(Task input):
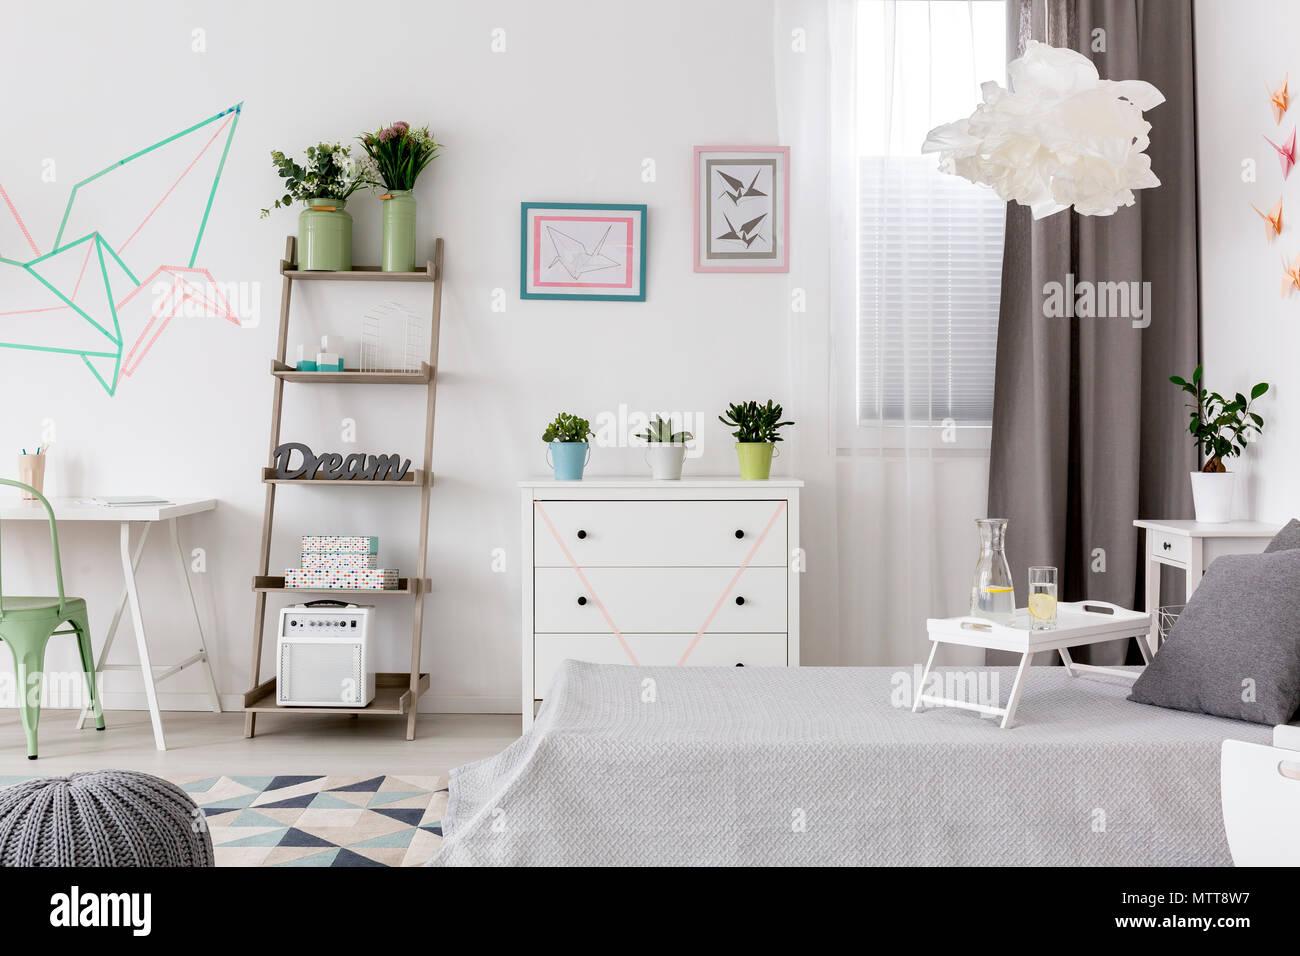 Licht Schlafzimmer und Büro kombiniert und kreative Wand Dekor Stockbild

--

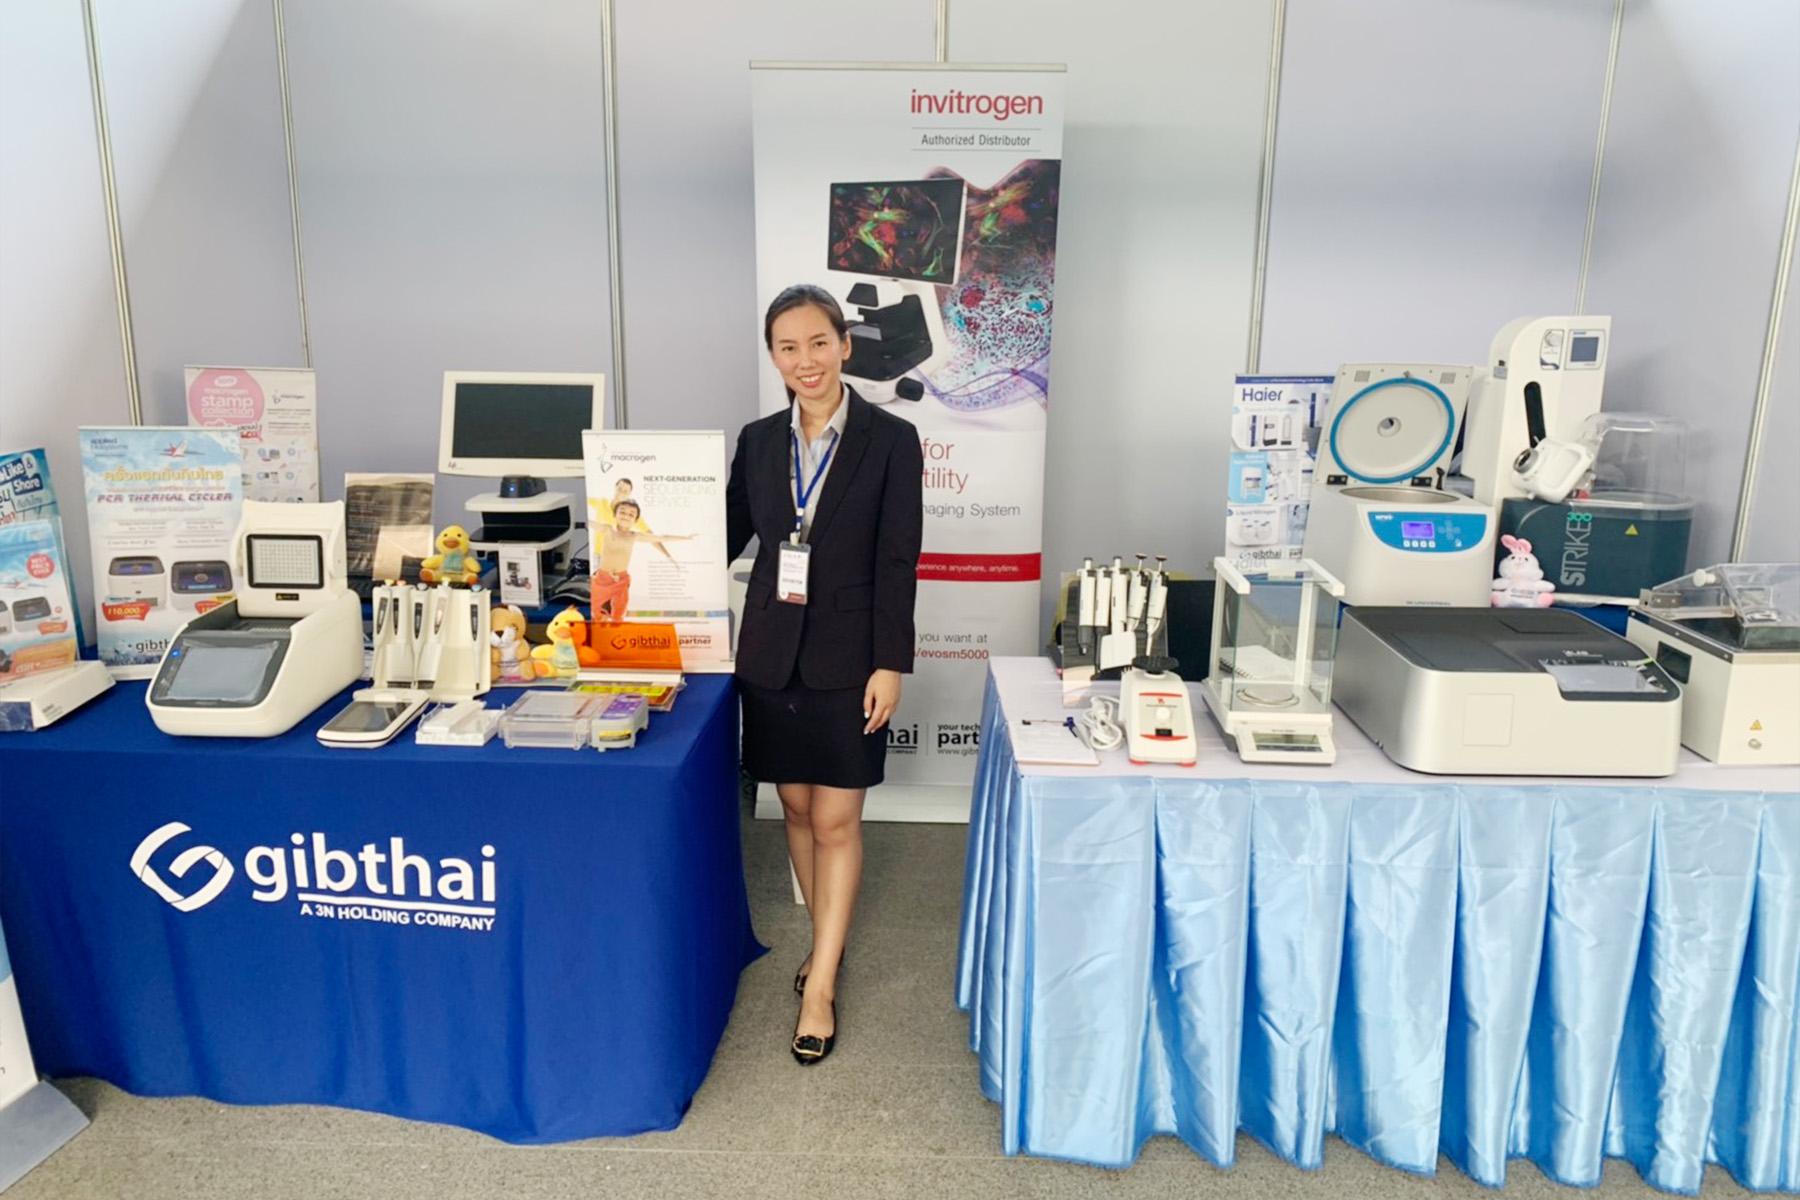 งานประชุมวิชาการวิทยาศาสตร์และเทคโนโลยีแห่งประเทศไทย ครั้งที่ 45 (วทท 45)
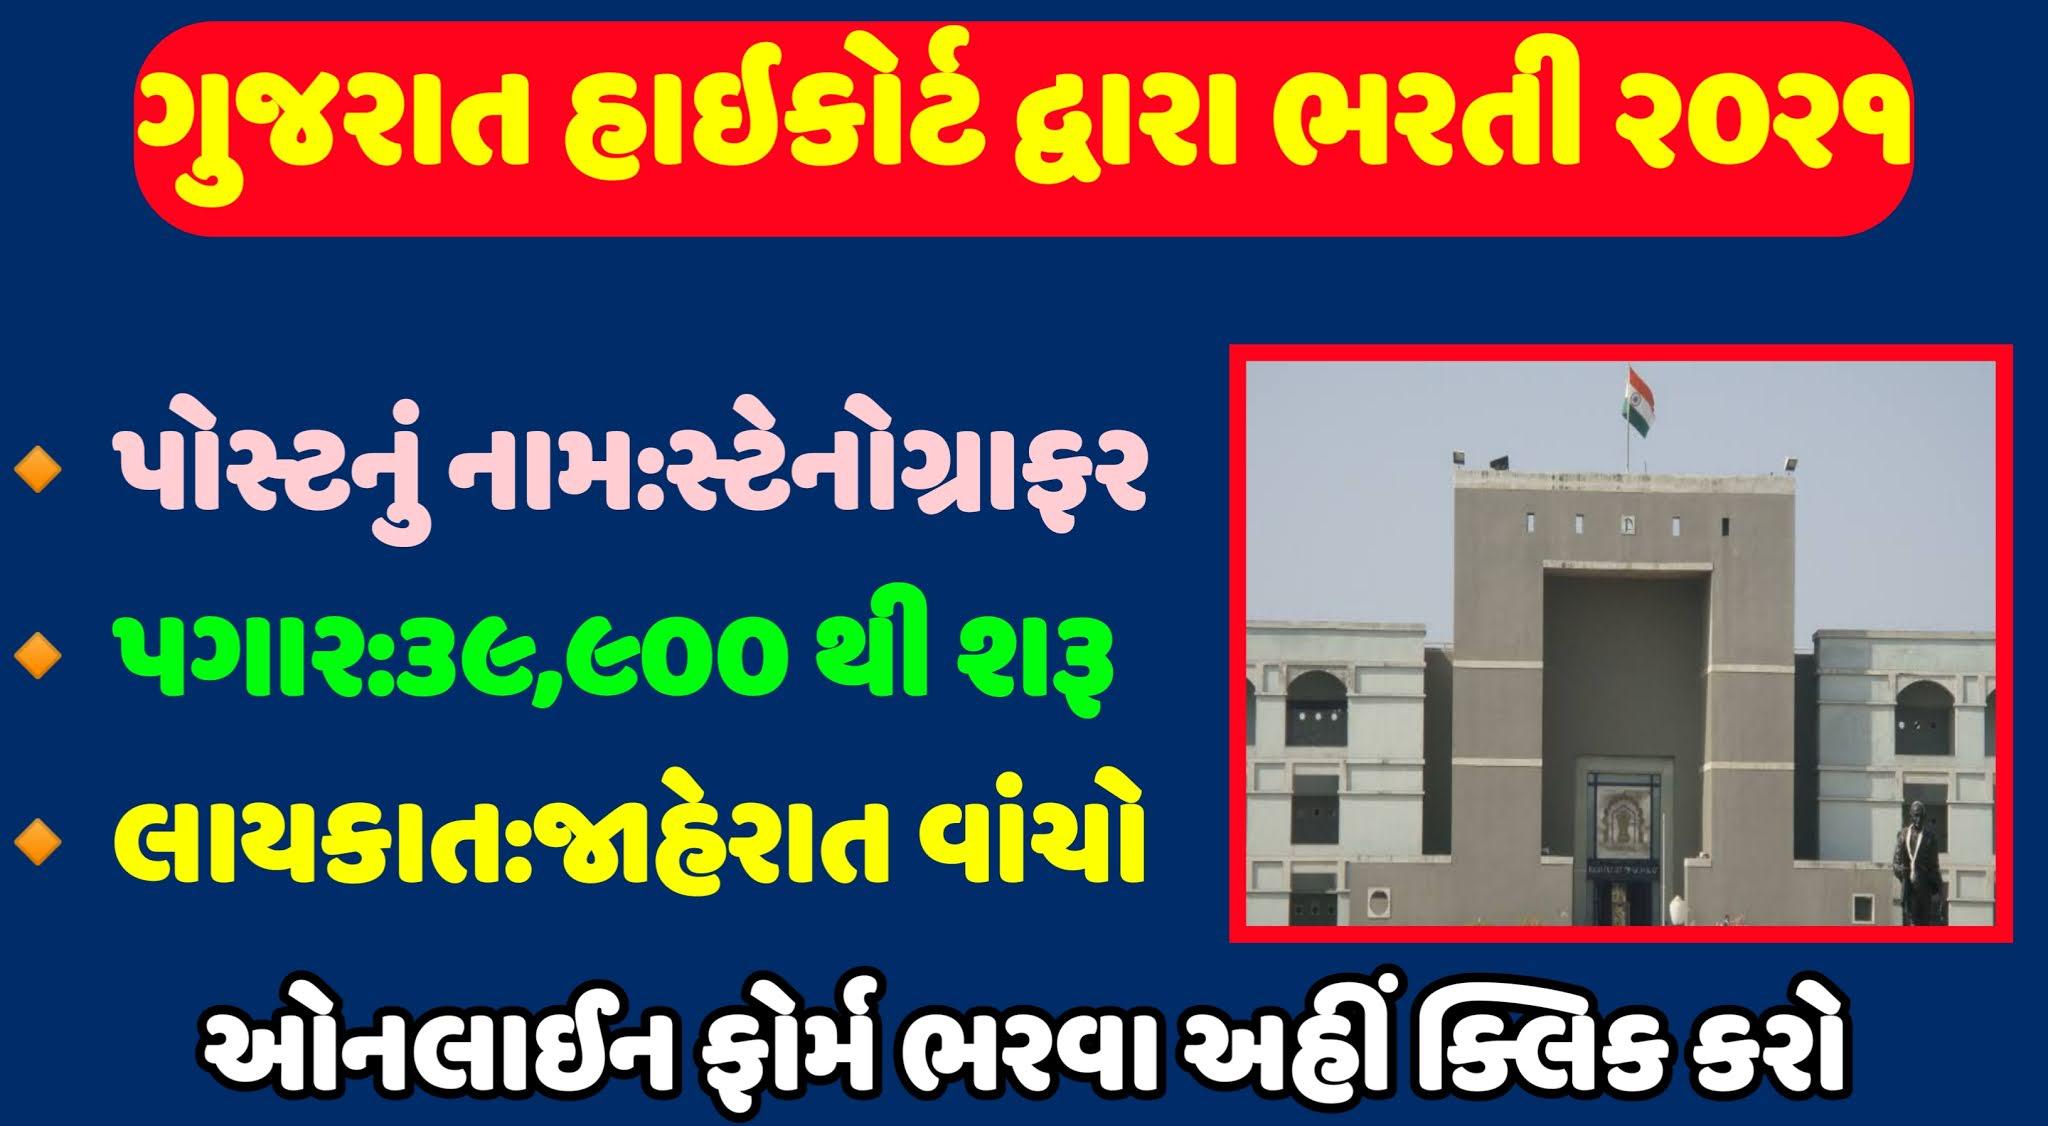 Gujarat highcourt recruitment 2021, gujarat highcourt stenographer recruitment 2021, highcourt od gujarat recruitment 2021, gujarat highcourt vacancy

(Exercise goal):
Print everything from the line with "งานประชุมวิชาการวิทยาศาสตร์และเทคโนโลยีแห่งประเทศไทย ครั้งที่ 45" down to the line with "Gujarat highcourt recruitment" in the entries above, both lines included and nothing more, without the pictures.

(Exercise answer):
 งานประชุมวิชาการวิทยาศาสตร์และเทคโนโลยีแห่งประเทศไทย ครั้งที่ 45 (วทท 45)
 Gujarat highcourt recruitment 2021, gujarat highcourt stenographer recruitment 2021, highcourt od gujarat recruitment 2021, gujarat highcourt vacancy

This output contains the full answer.